No Uruguai, a maconha foi legalizada em dezembro do ano passado, e os usos medicinal, recreativo e industrial devem ser regulados até 2015. A médica Raquel Peyraube trabalha há dez anos pela legalização e hoje é assessora do governo uruguaio. De acordo com ela, há diversos especialistas participando da regulamentação da lei. “Nós estamos definindo como será feito desde o cultivo até a exportação”, explica. O principal objetivo da medida é neutralizar o narcotráfico no país. “É responsabilidade do governo proteger a população dos perigos da ilegalidade, como a péssima qualidade da maconha do tráfico e o crime organizado”, aponta Peyraube. A ideia é criar um produto competitivo, com todos os processos sendo controlados pelo Estado. “Os usuários vão contar com opções de alta qualidade e com preço acessível, ou plantar por conta própria, se preferirem. Nos remédios, vão constar a dosagem exata de cada componente.” Por mais que parte da população seja contra a legislação tão liberal, o posicionamento do governo é muito claro. “O Uruguai é um Estado laico. Não podemos deixar que se decida moralmente ou religiosamente o que é melhor ou pior para nós”, completa a médica. Quando o assunto é saúde, o único critério deve ser a ciência.

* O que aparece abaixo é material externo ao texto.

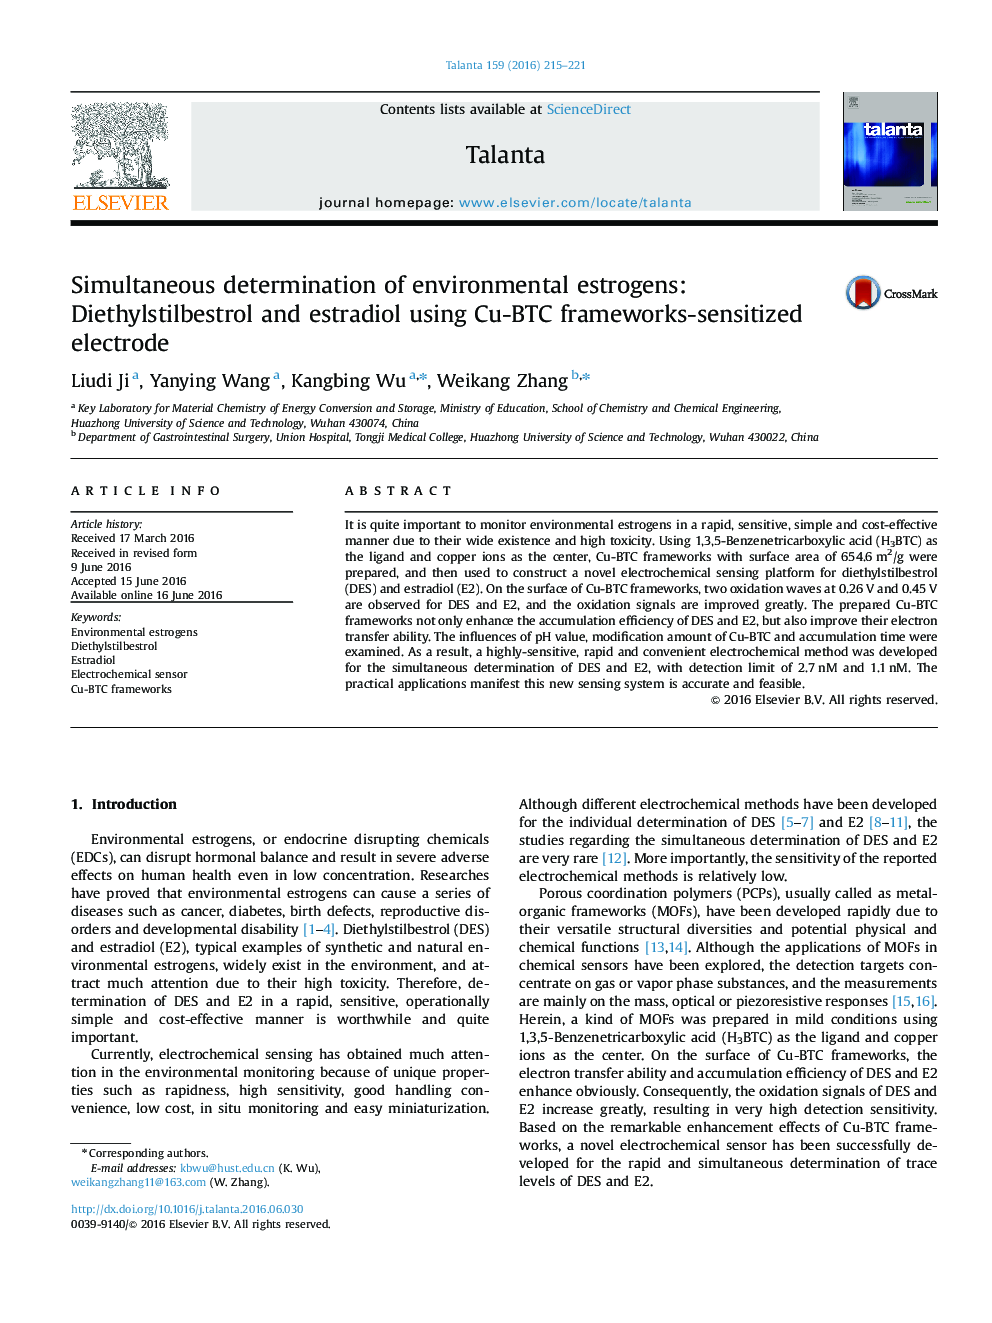 Simultaneous determination of environmental estrogens: Diethylstilbestrol and estradiol using Cu-BTC frameworks-sensitized electrode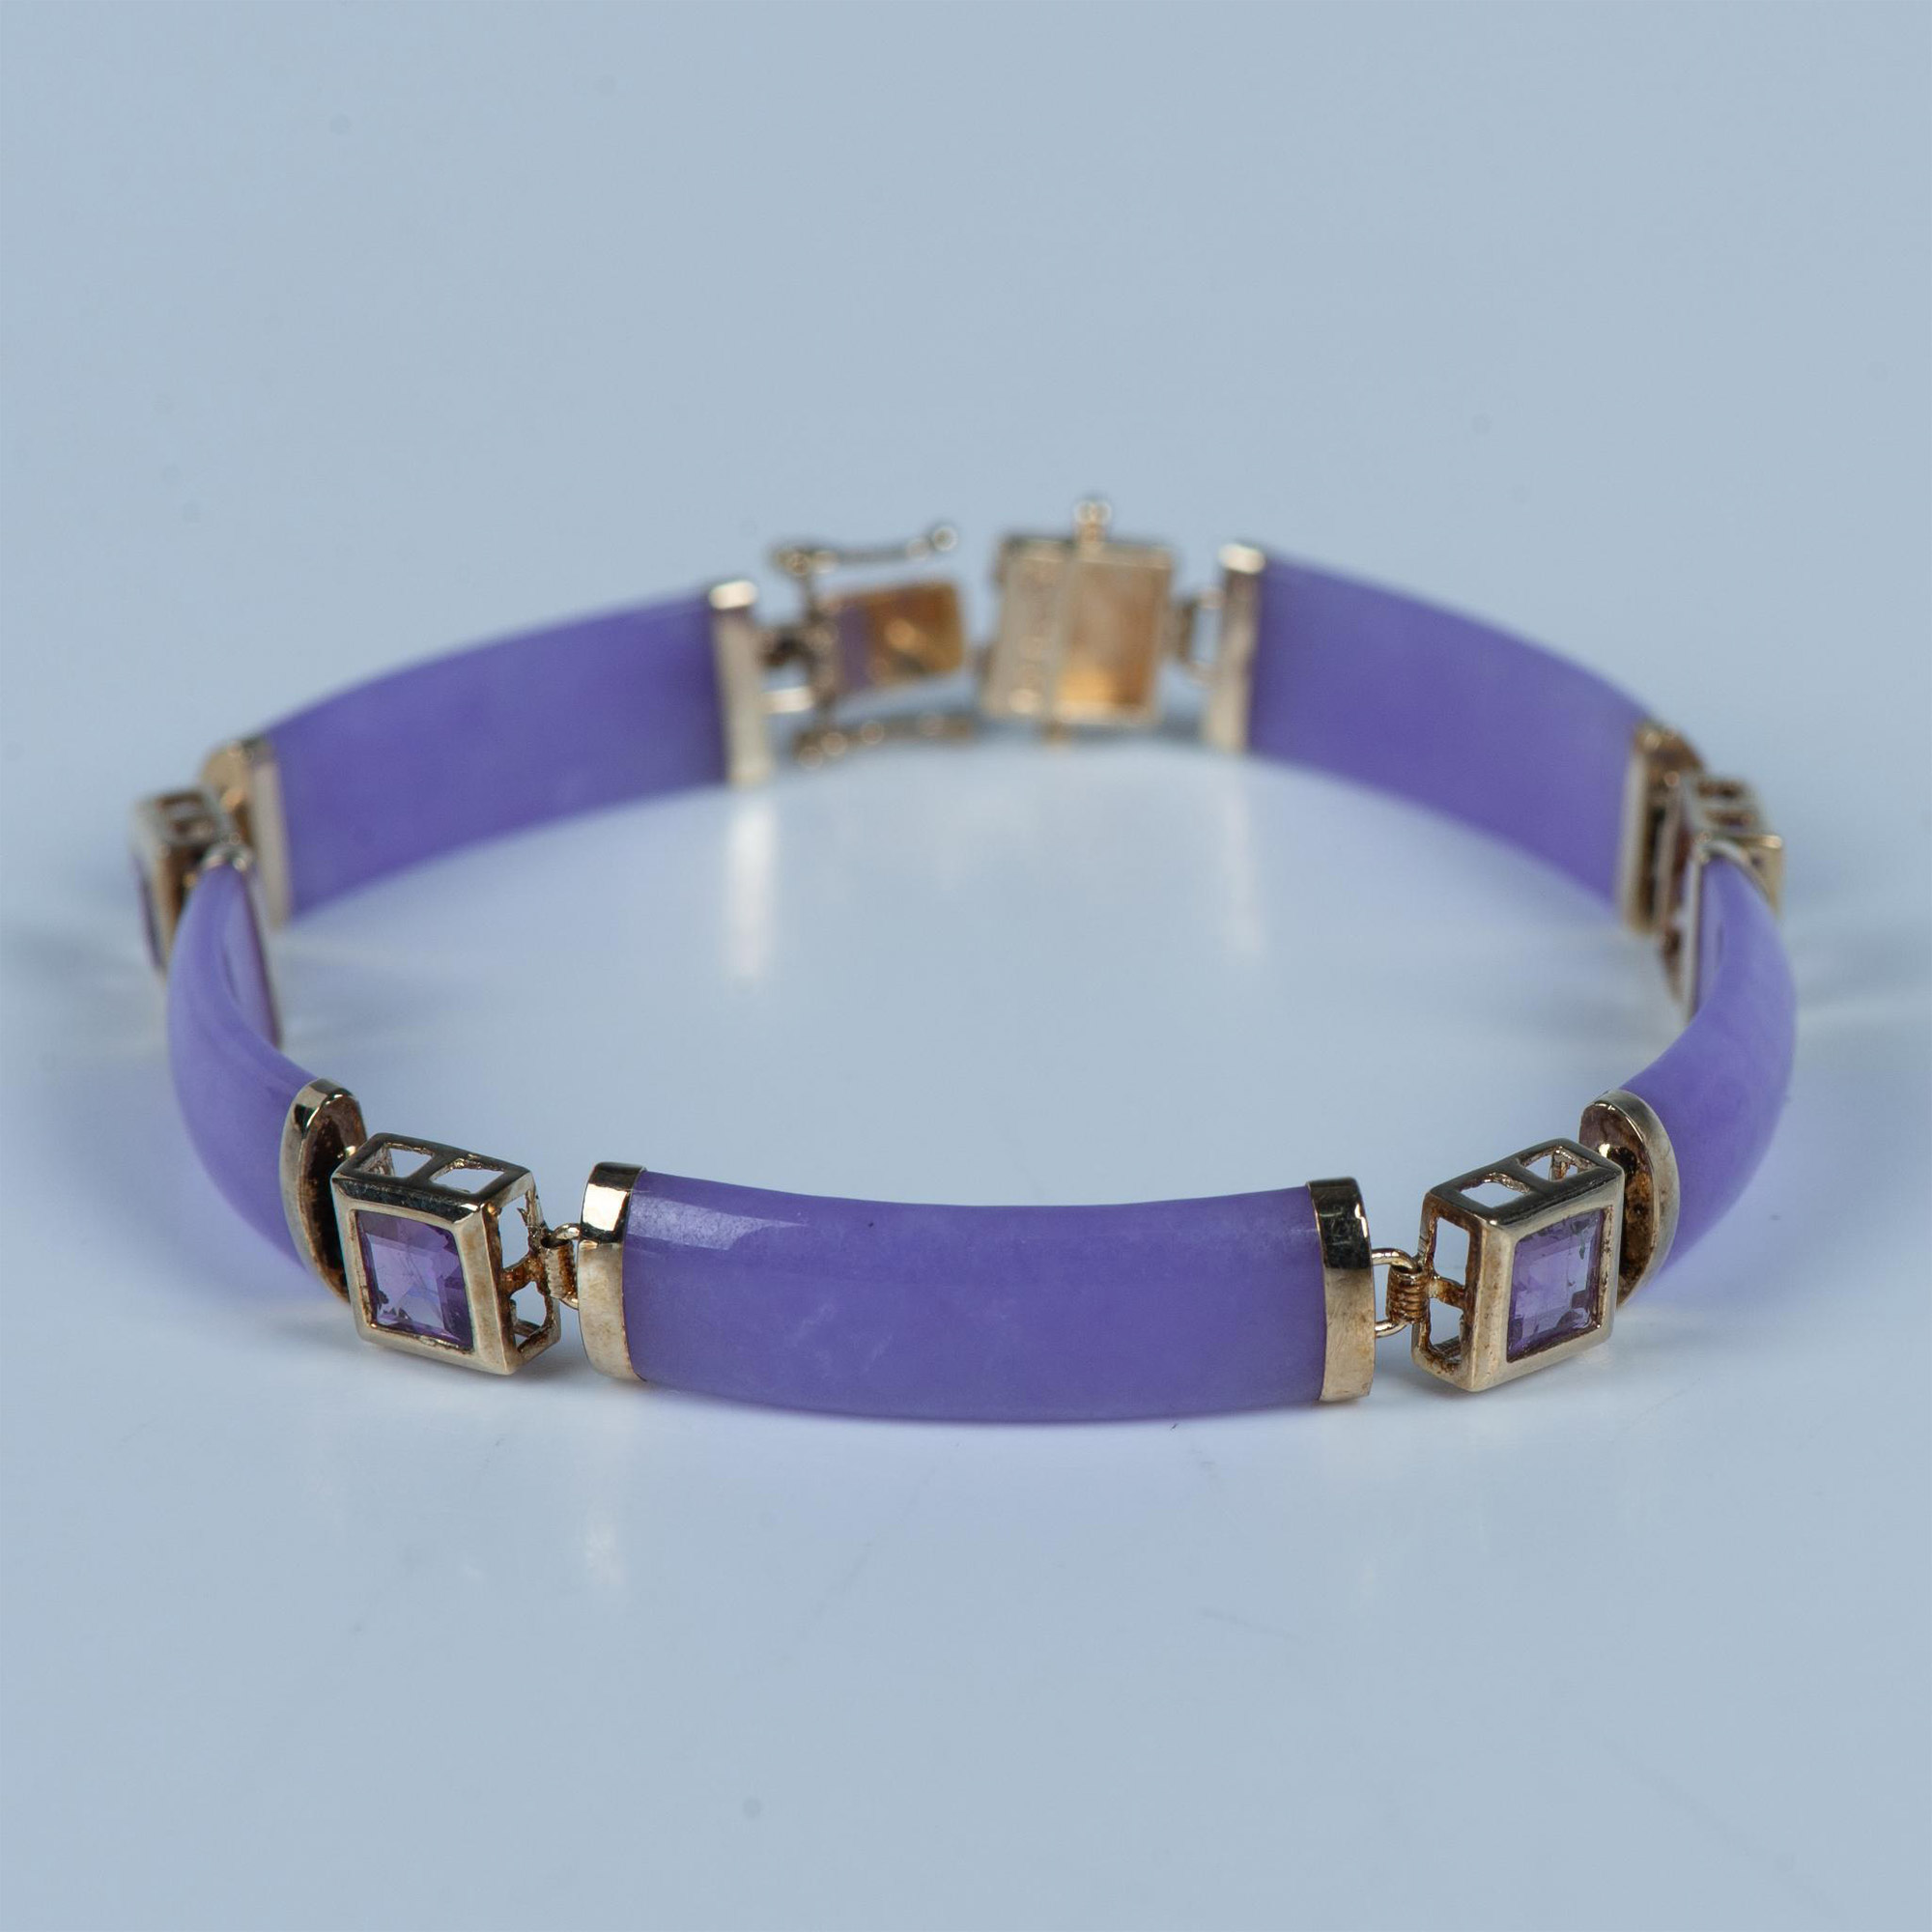 Stunning 14K Gold, Purple Jade, and Amethyst Bracelet

Os resultados parecem promissores
Apesar da escassez de pesquisas, já há registros de que a maconha pode ser útil para muitas doenças
Doenças virais
AIDS
Combate sintomas e efeitos colaterais do tratamento, como náusea e perda do apetite.
HEPATITE C
Doses pequenas aliviam a depressão e as dores musculares, causadas pelos fortes remédios.
Doenças inflamatórias
DOENÇA DE CROHN
A maconha ameniza náuseas e dores intestinais e pode atacar (e até erradicar) as células que provocam a infecção.
Doenças neurológicas
DORES CRÔNICAS E ARTRITE REUMATOIDE
A maconha tem poder analgésico para tratar dores persistentes, inclusive as causadas pelo sistema nervoso. Reduz o consumo de outros remédios.
EPILEPSIA
O canabidiol reduz significativamente os ataques epiléticos em pessoas que têm doenças resistentes a outros tipos de tratamento, como a síndrome de Dravet.
ALZHEIMER
Canabinoides podem desacelerar o avanço do Alzheimer e outras formas de demência.
PARKINN
Pode diminuir os tremores e melhorar o humor e o sono.
SÍNDROME DE TOURETTE
Pesquisas apontam para redução dos tiques.
ESCLEROSE MÚLTIPLA
Reduz espasmos, falta de sono e rigidez muscular. Mas pode aumentar a perda de memória e déficit de atenção, comuns a quem tem a doença.
Outras
INSÔNIA
Ajuda a induzir o sono, além de permitir noites mais tranquilas – o que pode ser útil no tratamento de estresse pós-traumático.
CÂNCER
Útil para o alívio dos efeitos colaterais da quimioterapia. Testes em animais mostraram que canabinoides podem matar células cancerígenas e até destruir tumores.
ANSIEDADE
Auxilia pessoas com estresse ou trauma recente. Mas, se a pessoa usar maconha por muito tempo, o corpo deixa de produzir as substâncias ansiolíticas naturalmente.
GLAUCOMA
Diminui a pressão intraocular, mas o resultado dura pouco e os efeitos colaterais pela dosagem são muitos. Pesquisas tentam encontrar uma forma segura de administrar maconha.
ASMA
Ao contrário do tabaco, o THC dilata os brônquios. Maconha vaporizada dá alívio semelhante ao das bombinhas.